Records to process |
=== Section Start ===

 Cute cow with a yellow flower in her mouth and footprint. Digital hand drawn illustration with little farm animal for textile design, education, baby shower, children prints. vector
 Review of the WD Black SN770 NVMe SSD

=== Section End ===
=== Section Start ===

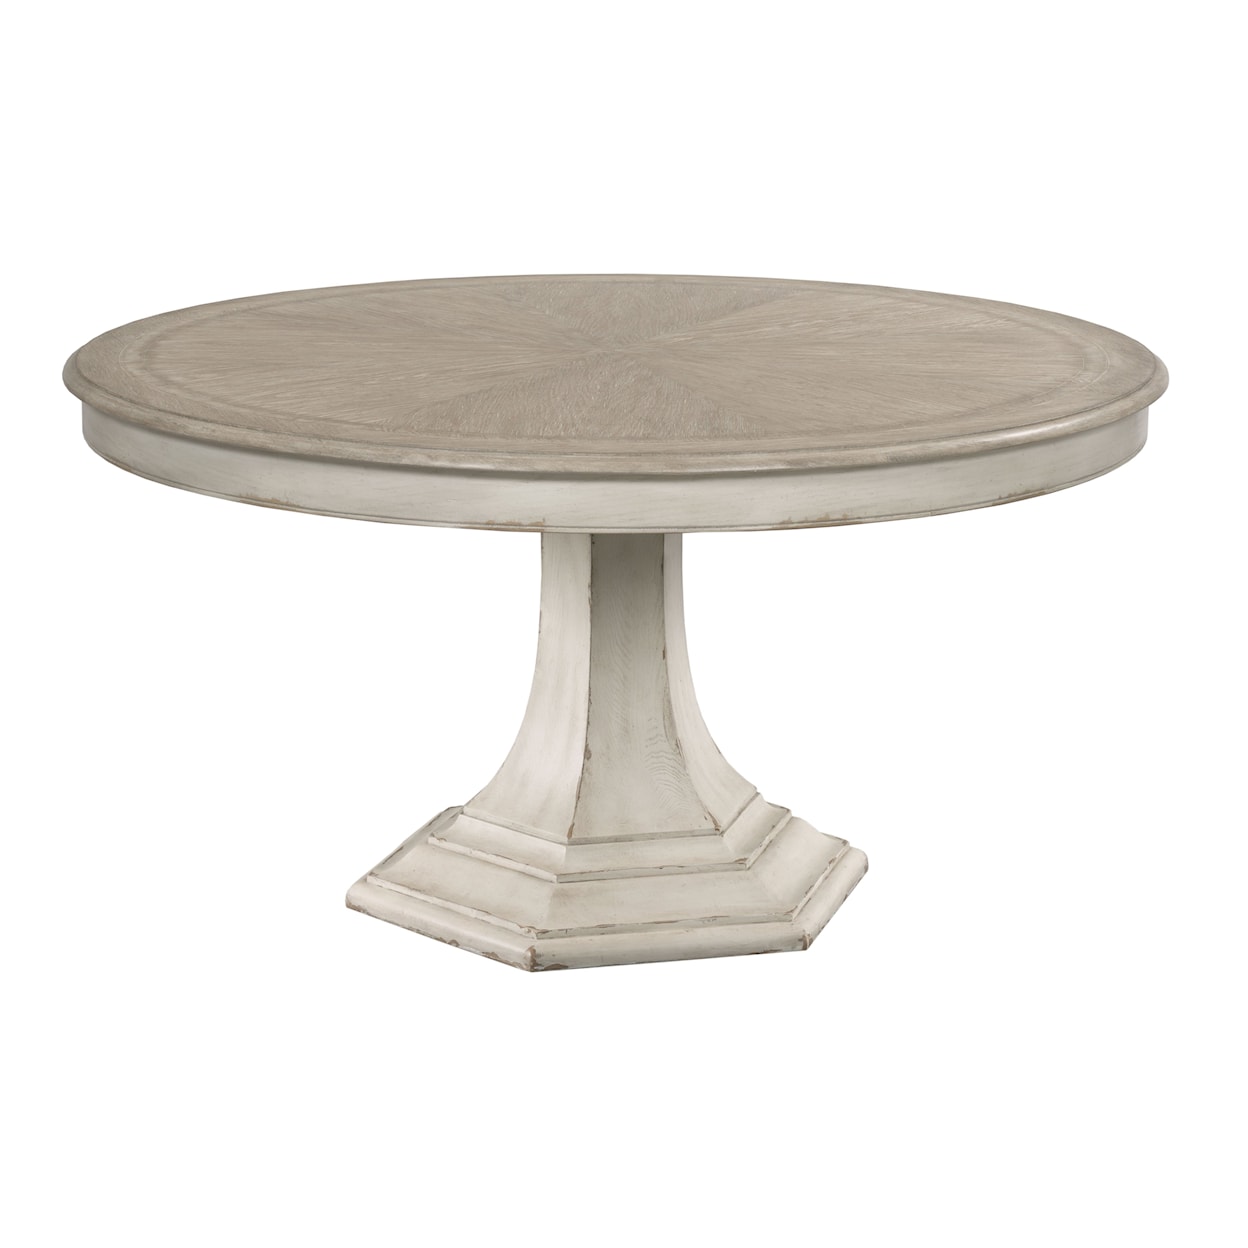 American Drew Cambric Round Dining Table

=== Section End ===
=== Section Start ===

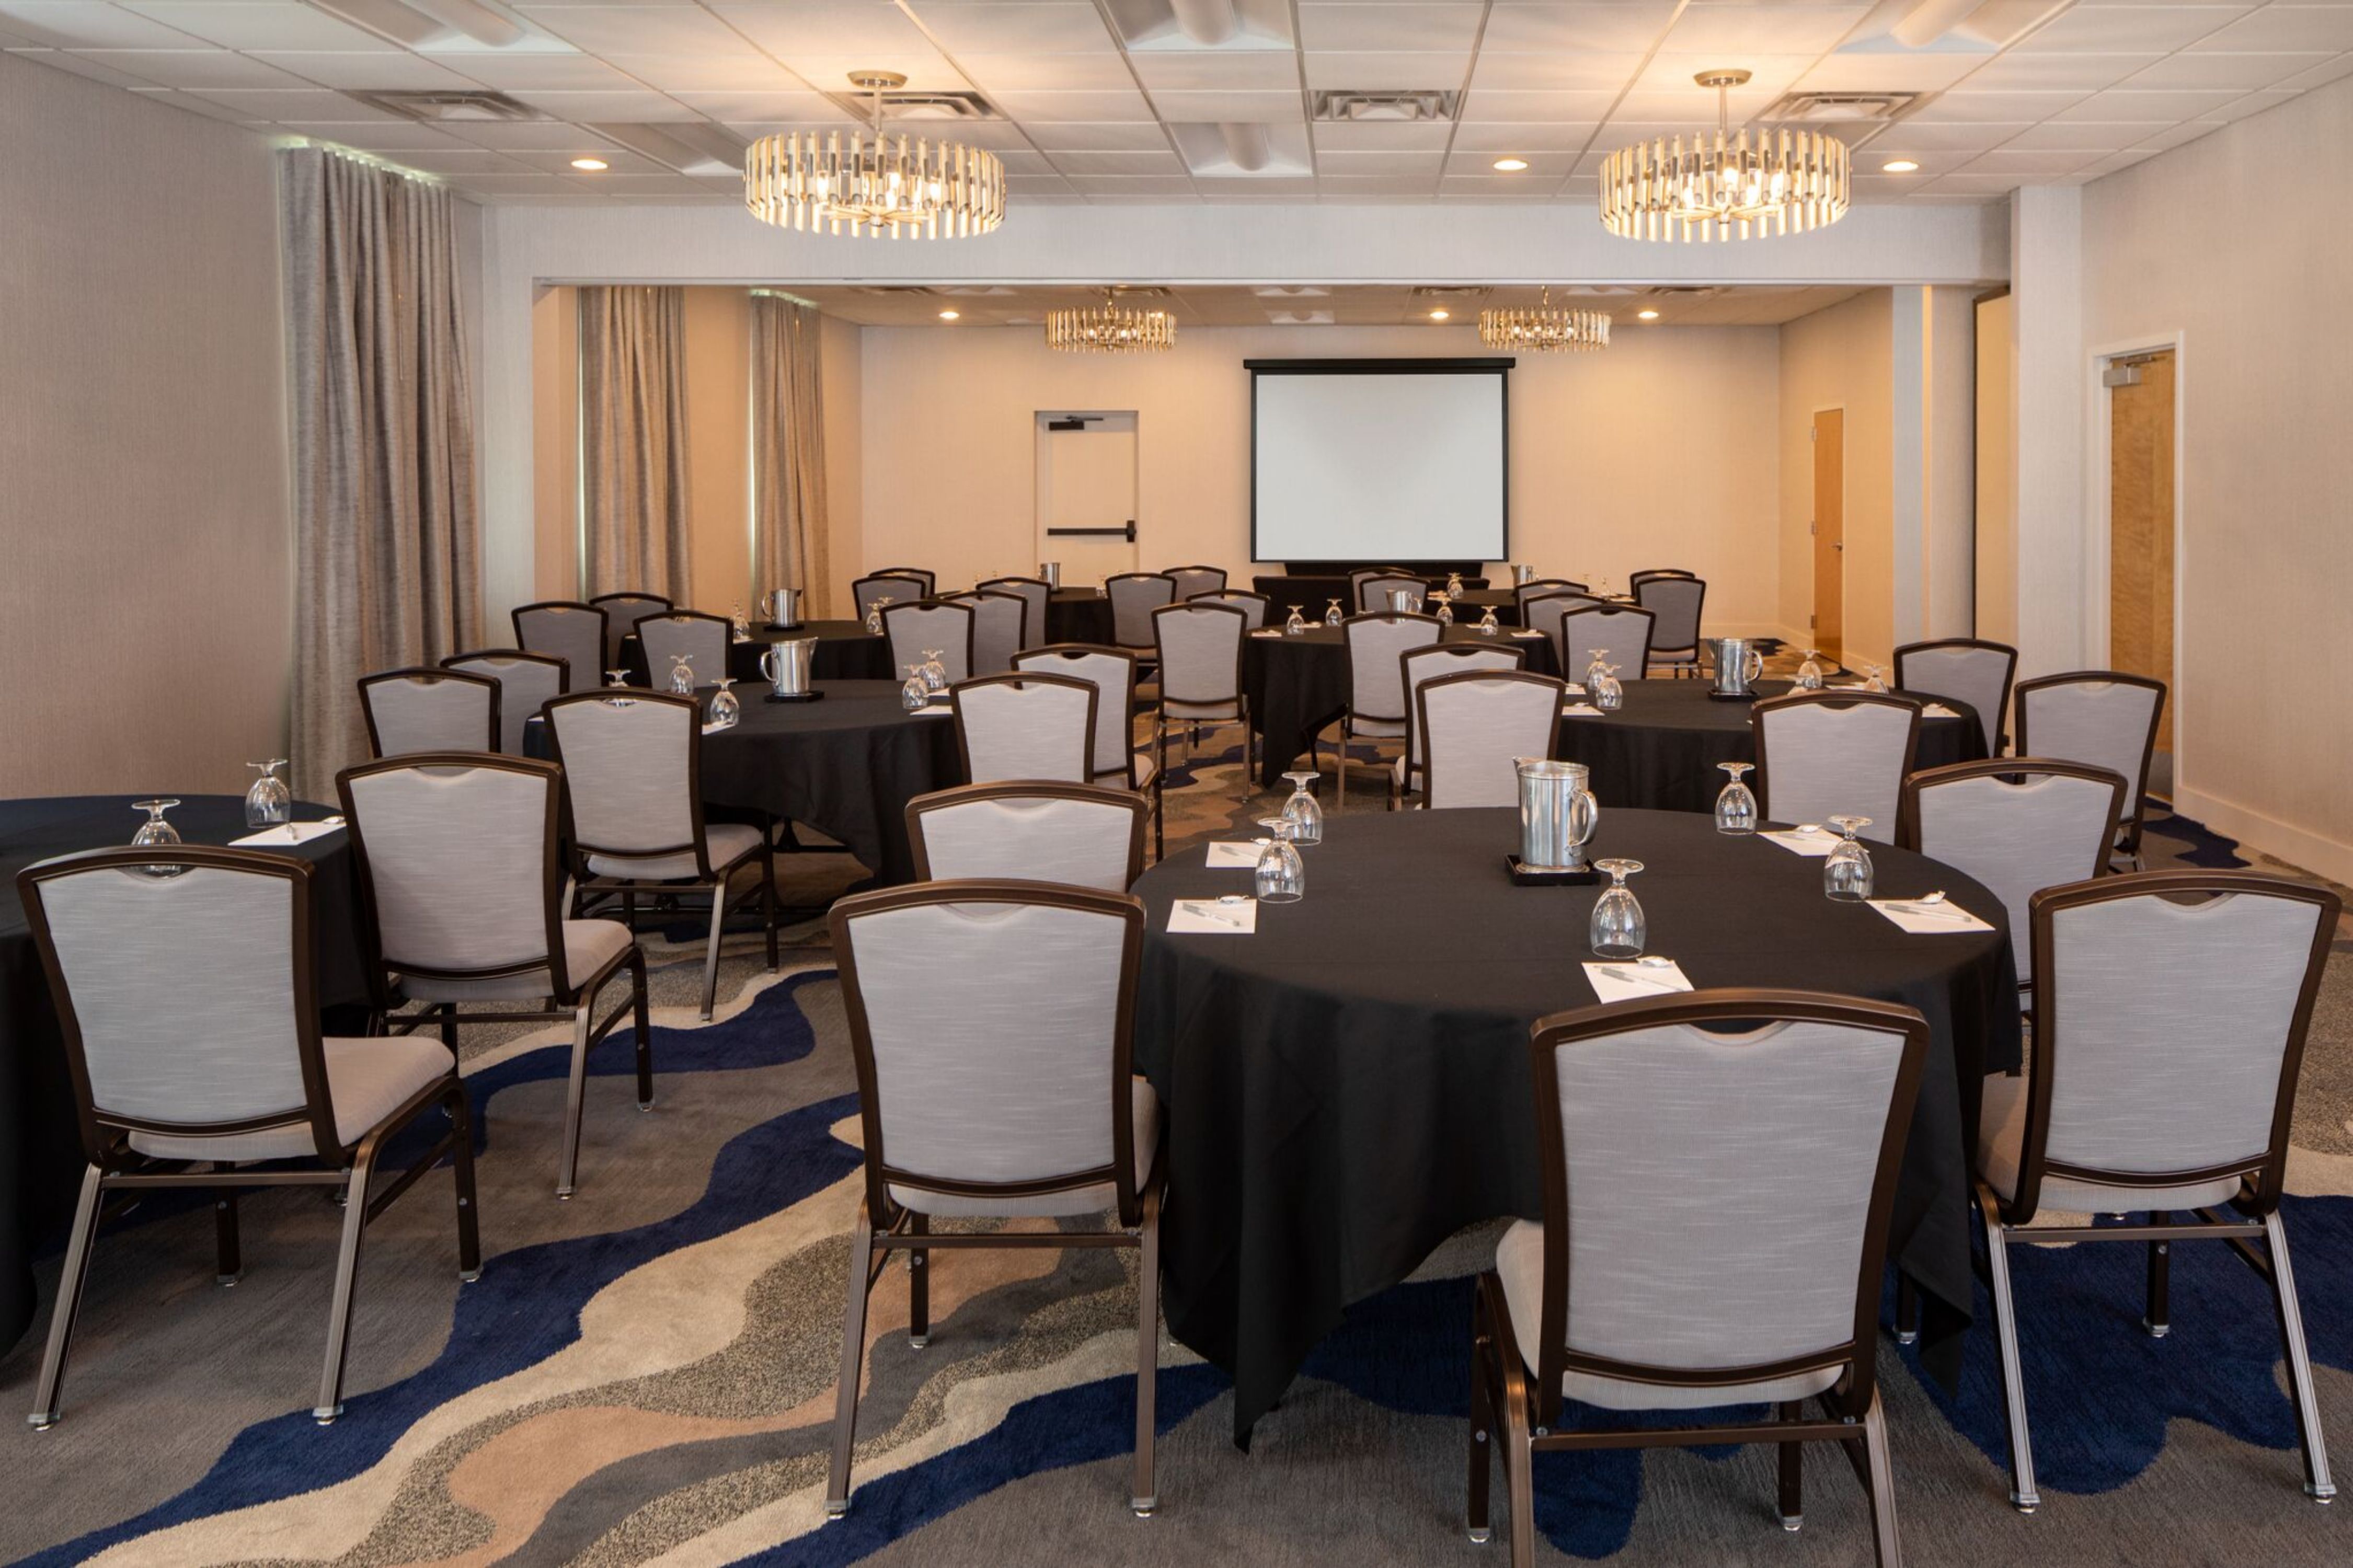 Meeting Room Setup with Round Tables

=== Section End ===

Exercise objective | Output the material above exactly, but only from the line that carries "Cute cow with" through the line that carries "Review of the WD Black SN770 NVMe SSD".

Written answer |
 Cute cow with a yellow flower in her mouth and footprint. Digital hand drawn illustration with little farm animal for textile design, education, baby shower, children prints. vector
 Review of the WD Black SN770 NVMe SSD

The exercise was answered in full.